Pope Benedict XVI has reached out to conservative Anglicans who oppose the ordination of gay clergy, women priests, and same-sex marriage in the Anglican Church: Join the Roman Catholic Church, he said.

However, in doing so, the pope may ironically liberalize the Catholic Church by inviting in Anglican priests who are married and allowing them to become Catholic priests.

“This at least raises the question of whether there should be a class within the Roman Catholic Church of married men who could be ordained,” University President Rev. Jeffrey von Arx, S.J. said in an interview.

Von Arx also noted that while nothing in the Bible goes against a married clergy, changing the 1,000-year-old tradition of Catholic priesthood celibacy will not be easy.

It is still unknown as to how many Anglicans will make the shift to the Catholicism. The Vatican’s chief doctrinal officer, Cardinal William Levada, said at the press conference publicizing the new rite in October that only 20 to 30 Anglican Bishops have asked about becoming Catholic, according to The New York Times.

After the Second Vatican Council, which helped to modernize the Catholic Church, many Catholics hoped for more sweeping changes and for the Anglicans and Catholics to unify.

Instead, Catholicism reverted back to its traditional ways on some issues while Anglicans moved forward with their teachings of homosexuality and the recognition of women and homosexuals as priests.

This furthered the division between Catholics and Anglicans and also caused a new split between Anglican traditionalists who opposed the new changes in the Anglican Church and Anglicans liberals who welcomed them.

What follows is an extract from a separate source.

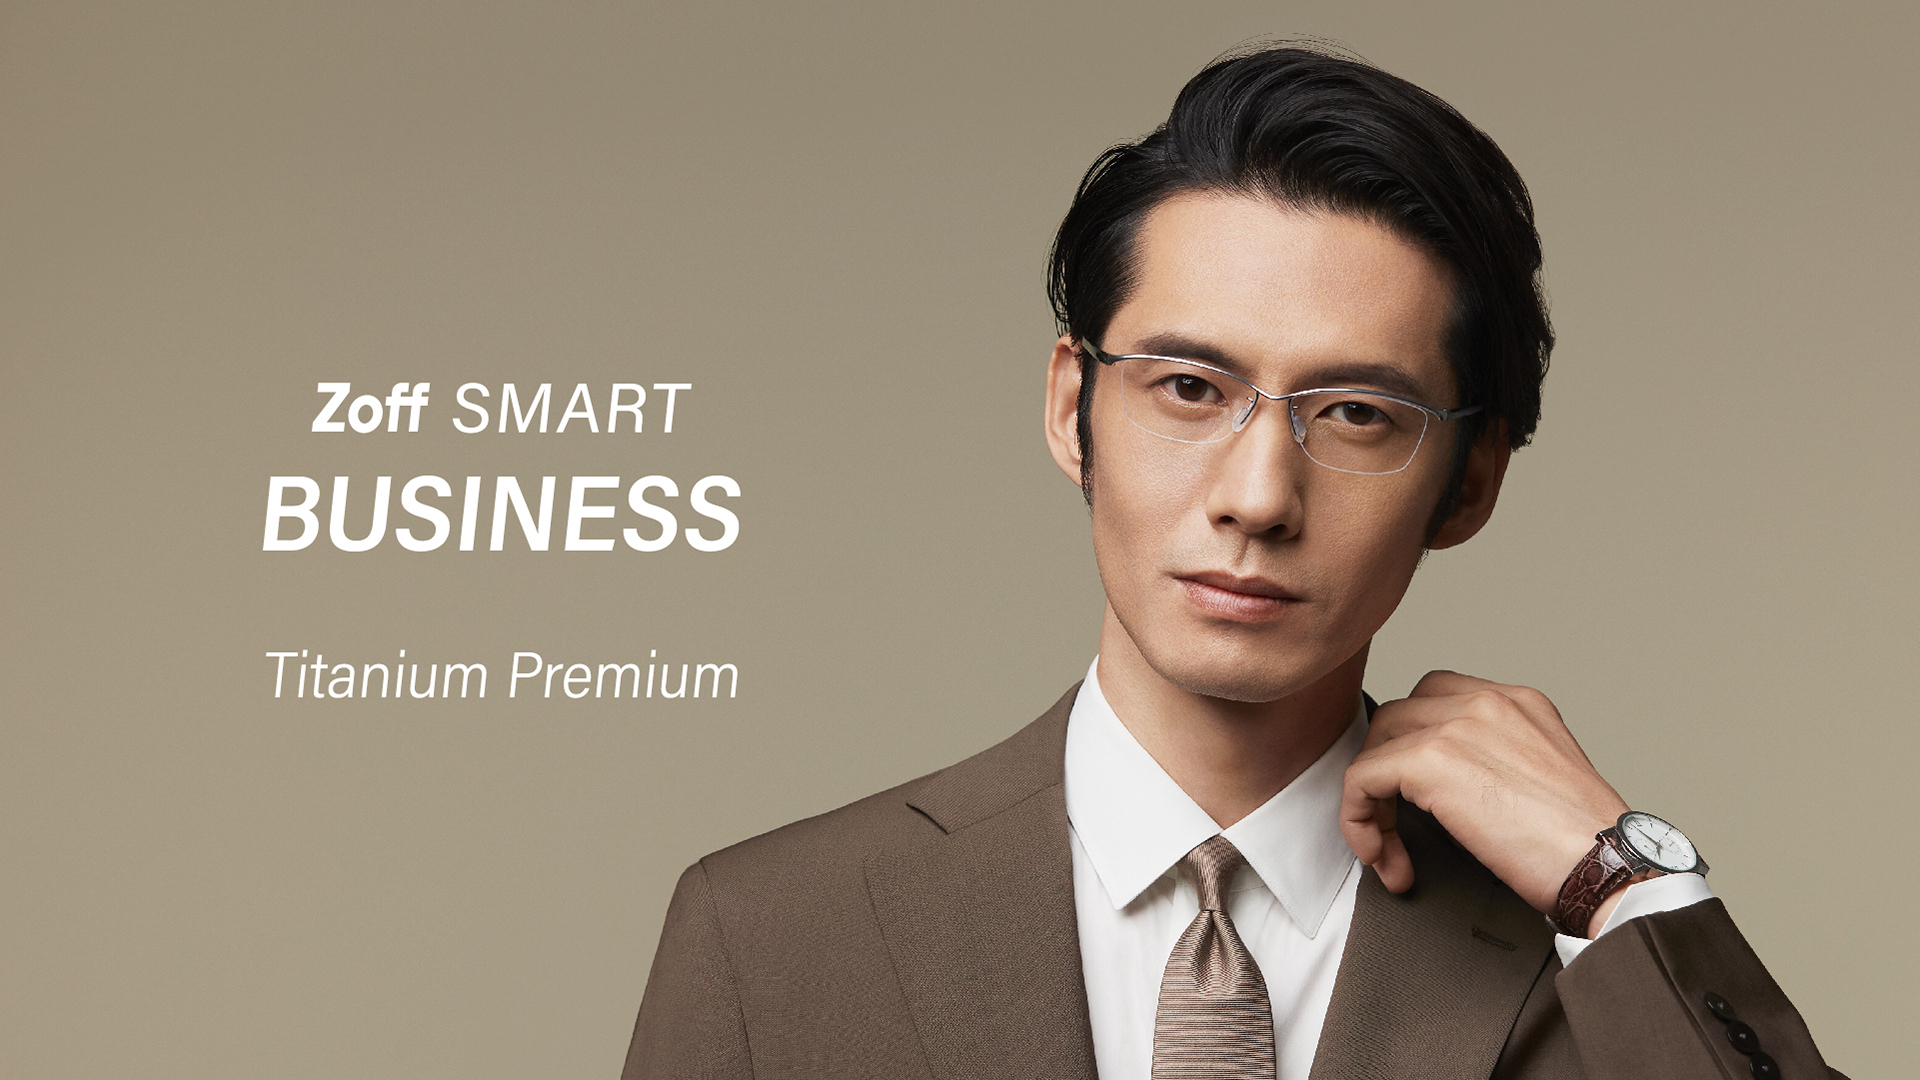 見た目にもかけ心地にもこだわったビジネスシーンに最適なメガネ「Zoff SMART BUSINESS」に新作登場

Rev. Mark Scalese, a Jesuit priest at the University, said that allowing married Anglican priests into the Catholic Church is certainly a step in the right direction that will establish a precedent for the Catholic Church.

“In a few years,” he said, “it won’t be difficult for people in the Catholic Church to imagine their own priests being married.”

Professor Paul Lakeland, a former member of the Jesuit Order and a professor of religious studies at Fairfield, agreed.

“I would not say that the Roman Catholic Church is behind the times, but they need to allow optional celibacy,” said Lakeland.

The new change by the Vatican only pertains to members the diocesan clergy, not to religious orders like the Jesuits since members take a sacred vow of celibacy upon ordination.

Lakeland said to expect few physical changes in the Anglican clergy that make the change.

“If enough Anglicans take up the Pope’s offer, in a few years, I’ll be able to choose to attend a Catholic mass in the Roman or Anglican rite,” he said.

Some students at Fairfield strongly supported the move and said marriage in the Catholic clergy would undoubtedly improve the diminishing priesthood.

“Allowing Catholic priests to marry would not only entice more men to enter the priesthood, but also prove that the Catholic Church can adopt and embrace today’s modern world,” said Weronika Pleban ‘11.

Other outcomes are less certain. If a large influx of conservative Anglicans decide to make the transfer to Catholicism for reasons concerning the ordination of women, homosexual priests, and same-sex marriage, the Catholic Church risks becoming more conservative and less likely to move towards the possibility of universal marriage of the Catholic clergy.

Christopher Morris ‘11 said the current, long-standing tradition of priests being celibate is integral to the identity of the Church.

“Priests and marriage are like water and oil, they just don’t mix,” he said. “It’s science.”